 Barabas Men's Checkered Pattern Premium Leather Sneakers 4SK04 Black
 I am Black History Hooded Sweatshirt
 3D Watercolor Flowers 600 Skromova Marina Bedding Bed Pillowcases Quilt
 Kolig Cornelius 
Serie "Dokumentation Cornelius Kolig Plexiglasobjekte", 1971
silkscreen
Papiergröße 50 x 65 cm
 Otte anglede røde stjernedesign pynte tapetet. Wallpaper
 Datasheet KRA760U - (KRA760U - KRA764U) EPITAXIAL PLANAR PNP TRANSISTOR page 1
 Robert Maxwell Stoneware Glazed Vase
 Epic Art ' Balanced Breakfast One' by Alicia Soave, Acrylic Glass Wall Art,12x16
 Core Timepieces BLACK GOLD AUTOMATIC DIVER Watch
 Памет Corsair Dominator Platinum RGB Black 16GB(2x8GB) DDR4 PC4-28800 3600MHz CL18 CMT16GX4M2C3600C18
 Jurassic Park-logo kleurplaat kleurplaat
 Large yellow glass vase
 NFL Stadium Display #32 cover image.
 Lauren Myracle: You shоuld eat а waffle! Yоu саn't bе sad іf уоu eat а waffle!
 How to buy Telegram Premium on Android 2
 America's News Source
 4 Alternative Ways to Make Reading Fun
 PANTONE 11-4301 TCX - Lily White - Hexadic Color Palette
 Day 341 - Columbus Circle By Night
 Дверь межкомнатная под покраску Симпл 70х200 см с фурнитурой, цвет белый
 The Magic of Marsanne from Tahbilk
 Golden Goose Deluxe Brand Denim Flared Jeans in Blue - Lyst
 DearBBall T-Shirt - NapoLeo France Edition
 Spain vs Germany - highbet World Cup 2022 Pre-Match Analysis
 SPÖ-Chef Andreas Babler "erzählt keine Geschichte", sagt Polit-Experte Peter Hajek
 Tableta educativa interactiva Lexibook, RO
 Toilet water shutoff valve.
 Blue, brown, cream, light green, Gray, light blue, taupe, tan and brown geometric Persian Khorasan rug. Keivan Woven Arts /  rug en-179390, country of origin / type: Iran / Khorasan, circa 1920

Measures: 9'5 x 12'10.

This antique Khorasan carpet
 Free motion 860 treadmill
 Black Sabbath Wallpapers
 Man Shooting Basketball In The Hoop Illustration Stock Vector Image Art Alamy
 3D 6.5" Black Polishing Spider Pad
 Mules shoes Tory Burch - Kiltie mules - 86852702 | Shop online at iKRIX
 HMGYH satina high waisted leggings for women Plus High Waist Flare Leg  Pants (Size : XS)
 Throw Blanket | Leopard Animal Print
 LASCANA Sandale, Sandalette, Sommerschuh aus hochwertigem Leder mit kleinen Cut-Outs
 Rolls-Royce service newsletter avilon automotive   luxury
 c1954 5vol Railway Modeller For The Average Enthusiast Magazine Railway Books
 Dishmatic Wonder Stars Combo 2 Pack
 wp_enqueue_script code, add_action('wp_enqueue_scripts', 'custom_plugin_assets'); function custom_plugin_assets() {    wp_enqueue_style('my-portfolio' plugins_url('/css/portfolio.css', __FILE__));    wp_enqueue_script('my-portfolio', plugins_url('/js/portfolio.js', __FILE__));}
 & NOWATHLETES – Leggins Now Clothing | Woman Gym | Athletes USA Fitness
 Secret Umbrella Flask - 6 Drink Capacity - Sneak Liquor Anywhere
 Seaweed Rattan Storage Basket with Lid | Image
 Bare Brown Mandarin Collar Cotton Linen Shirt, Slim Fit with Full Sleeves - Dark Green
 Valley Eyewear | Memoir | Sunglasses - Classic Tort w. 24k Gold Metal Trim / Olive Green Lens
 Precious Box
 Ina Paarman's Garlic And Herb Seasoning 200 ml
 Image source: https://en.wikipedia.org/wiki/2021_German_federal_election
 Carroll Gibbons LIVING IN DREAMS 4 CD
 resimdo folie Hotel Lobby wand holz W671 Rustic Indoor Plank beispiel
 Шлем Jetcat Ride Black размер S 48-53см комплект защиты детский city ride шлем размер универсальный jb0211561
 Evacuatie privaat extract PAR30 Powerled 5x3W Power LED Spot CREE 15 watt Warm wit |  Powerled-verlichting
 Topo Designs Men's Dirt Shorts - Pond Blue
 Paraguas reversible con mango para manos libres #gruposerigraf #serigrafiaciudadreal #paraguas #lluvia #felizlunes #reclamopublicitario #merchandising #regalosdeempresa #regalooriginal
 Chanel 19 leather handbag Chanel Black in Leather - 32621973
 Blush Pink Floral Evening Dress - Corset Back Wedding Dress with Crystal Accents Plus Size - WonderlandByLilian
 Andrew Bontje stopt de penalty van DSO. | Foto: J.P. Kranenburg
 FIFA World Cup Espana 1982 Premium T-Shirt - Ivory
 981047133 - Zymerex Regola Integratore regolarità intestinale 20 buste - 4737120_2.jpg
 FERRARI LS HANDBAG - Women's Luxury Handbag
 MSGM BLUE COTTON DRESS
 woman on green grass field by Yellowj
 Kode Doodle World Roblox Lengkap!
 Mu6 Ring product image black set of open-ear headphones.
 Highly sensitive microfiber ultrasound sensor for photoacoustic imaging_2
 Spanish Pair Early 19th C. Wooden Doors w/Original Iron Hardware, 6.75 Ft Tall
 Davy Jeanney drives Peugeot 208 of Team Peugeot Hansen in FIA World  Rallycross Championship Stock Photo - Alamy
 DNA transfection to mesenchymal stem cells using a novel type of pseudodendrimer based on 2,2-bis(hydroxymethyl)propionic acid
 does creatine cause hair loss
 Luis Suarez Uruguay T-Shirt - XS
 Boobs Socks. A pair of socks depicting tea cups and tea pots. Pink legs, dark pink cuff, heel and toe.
****************************************
Return each line of the data above that includes the word "with".

 Seaweed Rattan Storage Basket with Lid | Image
 Bare Brown Mandarin Collar Cotton Linen Shirt, Slim Fit with Full Sleeves - Dark Green
 Blush Pink Floral Evening Dress - Corset Back Wedding Dress with Crystal Accents Plus Size - WonderlandByLilian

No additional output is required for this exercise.